As a consequence of the defendant's impermissible boilerplate objections, various documents were not produced. Defendant will provide in accordance with the accompanying minute order documents called for by the requests quoted at the outset of the opinion. I do not mean in the slightest to be unduly critical of the defendant's counsel. Unfortunately, what has occurred here is not uncommon and continues to generate needless disputes, which are but a continuing manifestation of the difficulties about which Learned Hand lamented almost three quarters of a century ago. In an address to the Bar Association of the City of New York in 1921, Hand, then a young district judge, spoke about the "atmosphere of contention over trifles, the unwillingness to concede what ought to be conceded, and to proceed to the things which matter. Courts have fallen out of repute; many of you avoid them whenever you can, and rightly. About trials hang a suspicion of trickery and a sense of a result depending upon cajolery or worse. I wish I could say that it was all unmerited. After now some dozen years of experience I must say that as a litigant I should dread a lawsuit beyond almost anything else short of sickness and death." Lectures on Legal Topics, Learned Hand, The Deficiencies Of Trials to Reach the Heart of the Matter, 105 (The MacMillan Co.1926).
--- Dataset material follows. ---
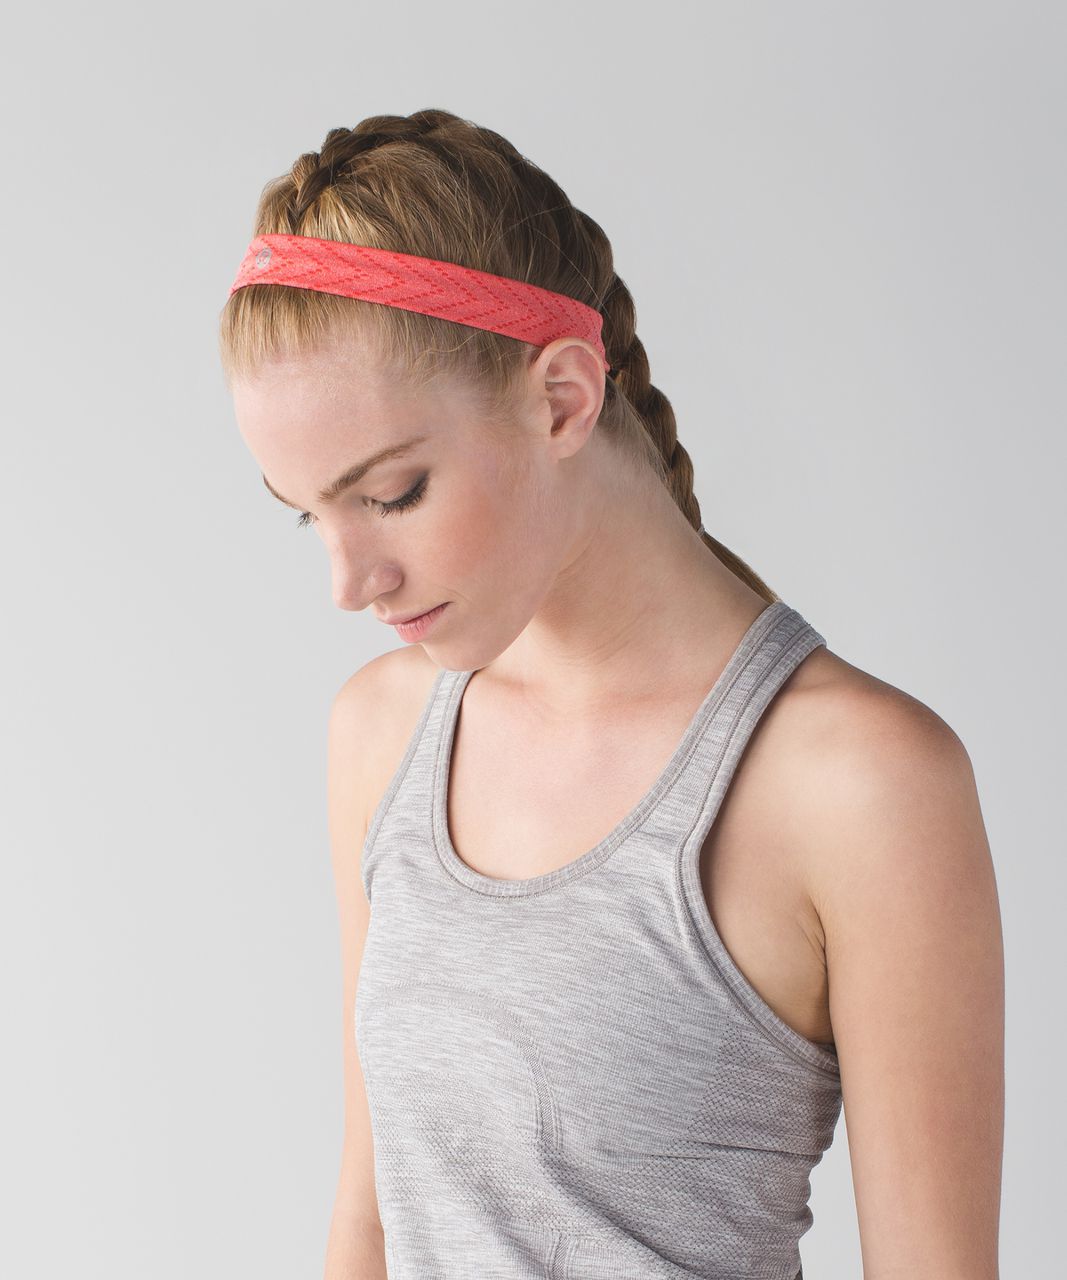 Lululemon Cardio Cross Trainer Headband - Heathered Alarming

Needless judicial tolerance of the rote, boilerplate answers that have been employed here will engender their continued use to the detriment of the goals sought by the discovery rules. Long and bitter experience has taught that only a refusal to accept unedifying and improperly uninformative responses to discovery requests will lessen their continued utilization and help to achieve those ends for which the discovery provisions of the Federal Rules of Civil Procedure were enacted.